#### Your goal:
Your answer must restate the listing below word for word and contain no images.

#### Data segment:
________
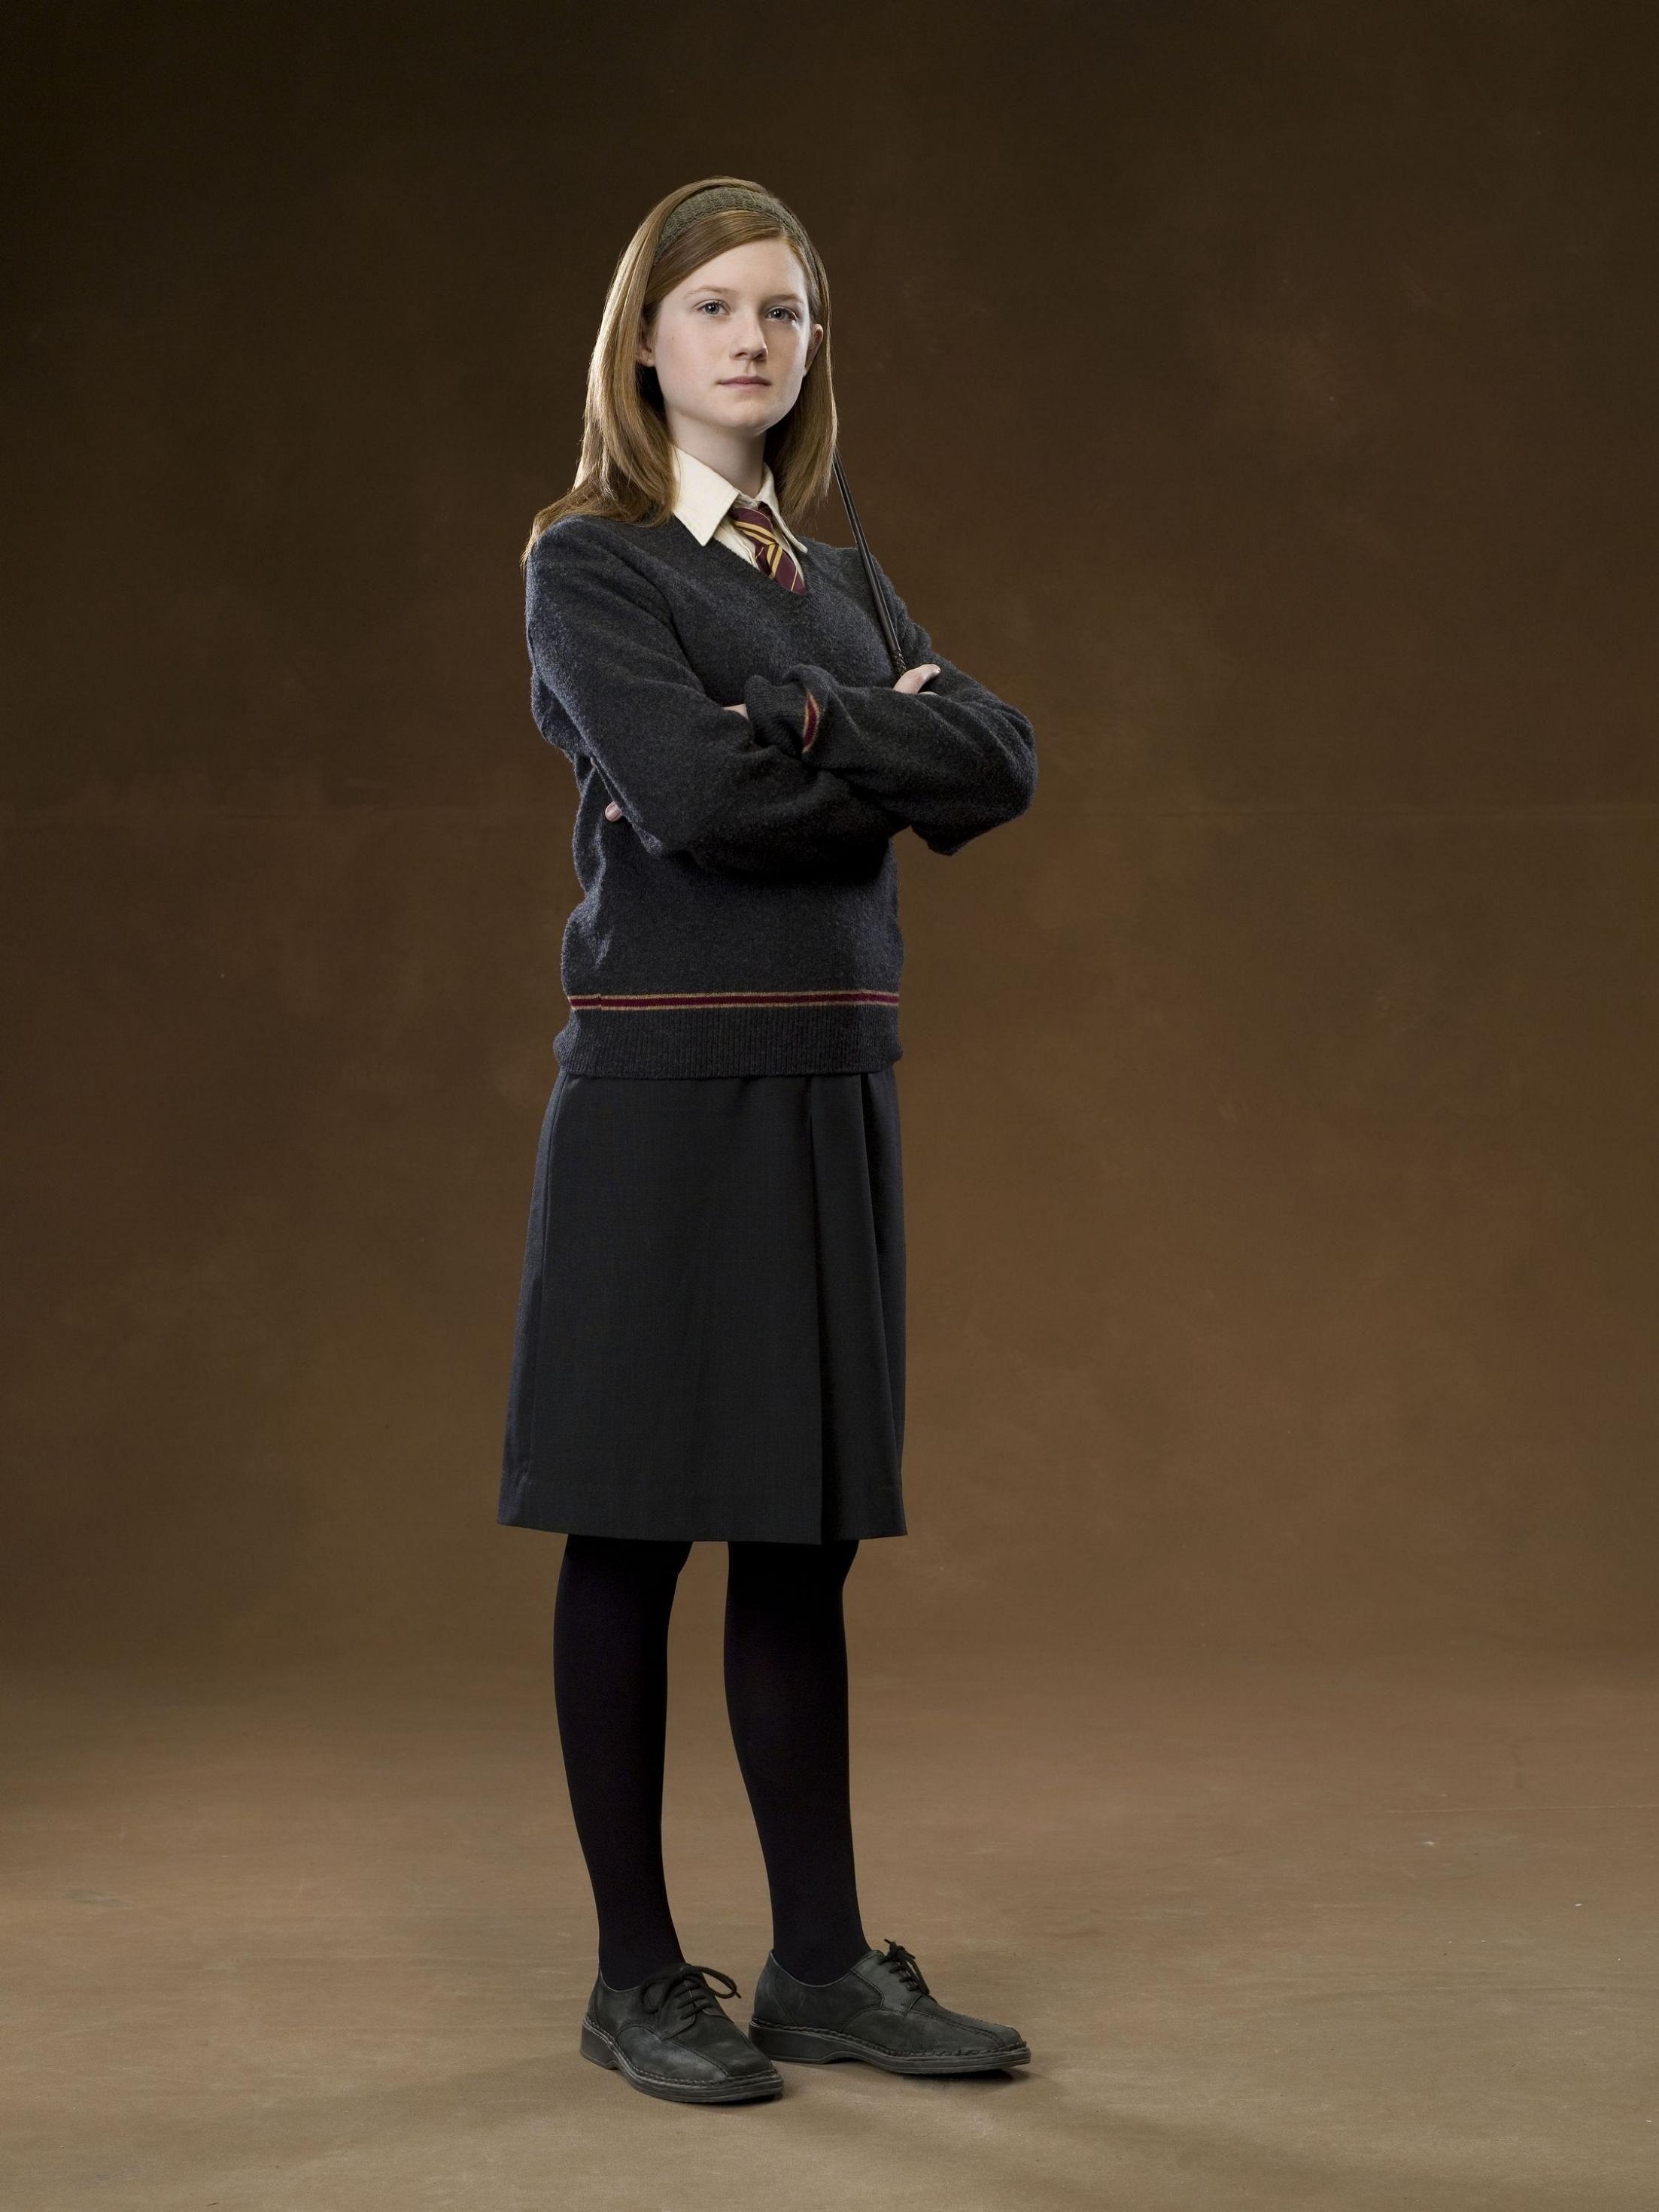 ginny weasley | Ginny Weasley | Harry Potter | Pinterest | Mottowoche
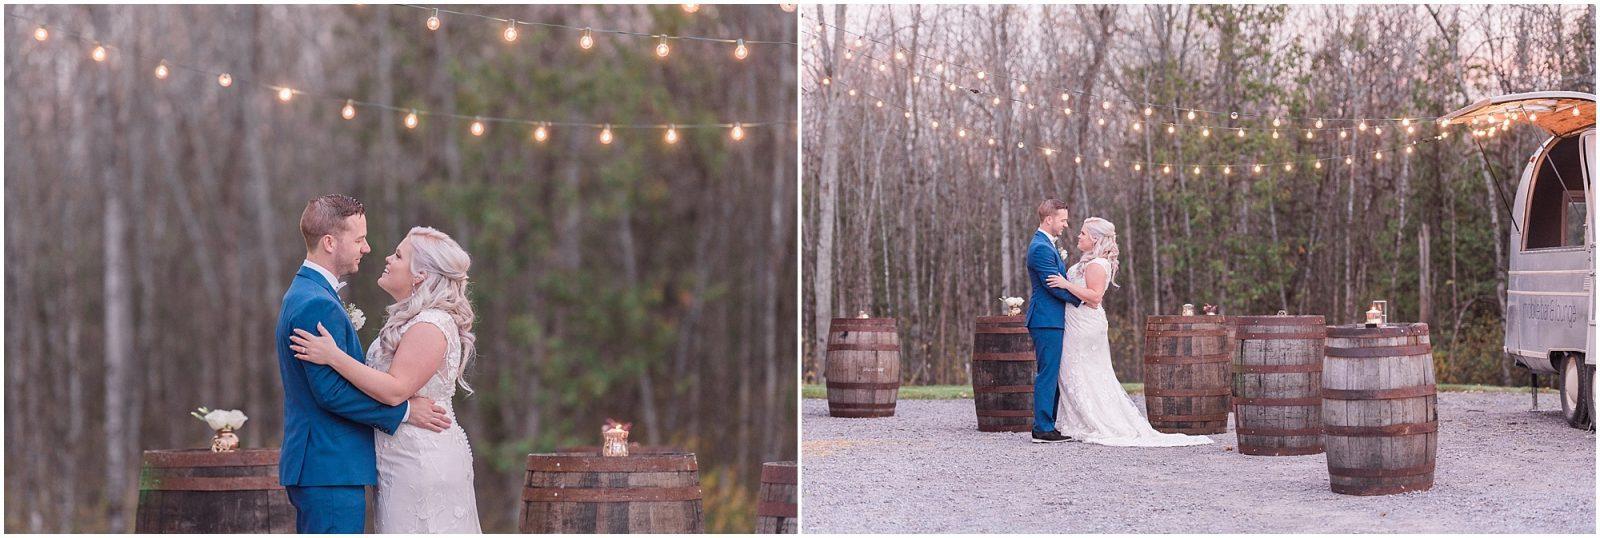 0081 Bethany and Luc - Fall Backyard Ottawa Wedding - Copper and Navy - PhotosbyEmmaH.jpg
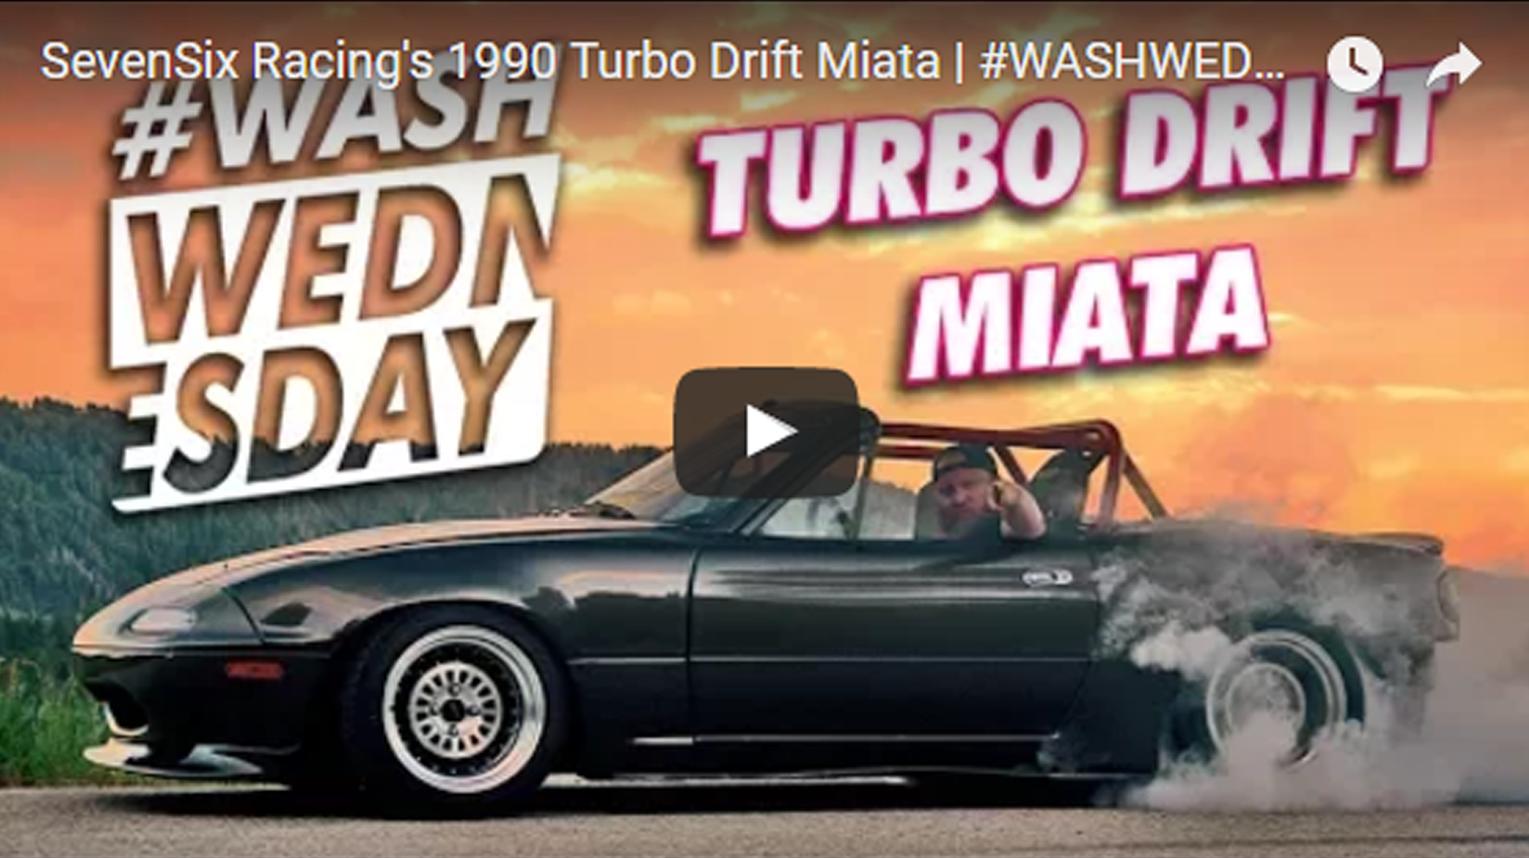 SevenSix Racing's 1990 Turbo Drift Miata | #WASHWEDNESDAY
________
#### Reply:
 ginny weasley | Ginny Weasley | Harry Potter | Pinterest | Mottowoche
 0081 Bethany and Luc - Fall Backyard Ottawa Wedding - Copper and Navy - PhotosbyEmmaH.jpg
 SevenSix Racing's 1990 Turbo Drift Miata | #WASHWEDNESDAY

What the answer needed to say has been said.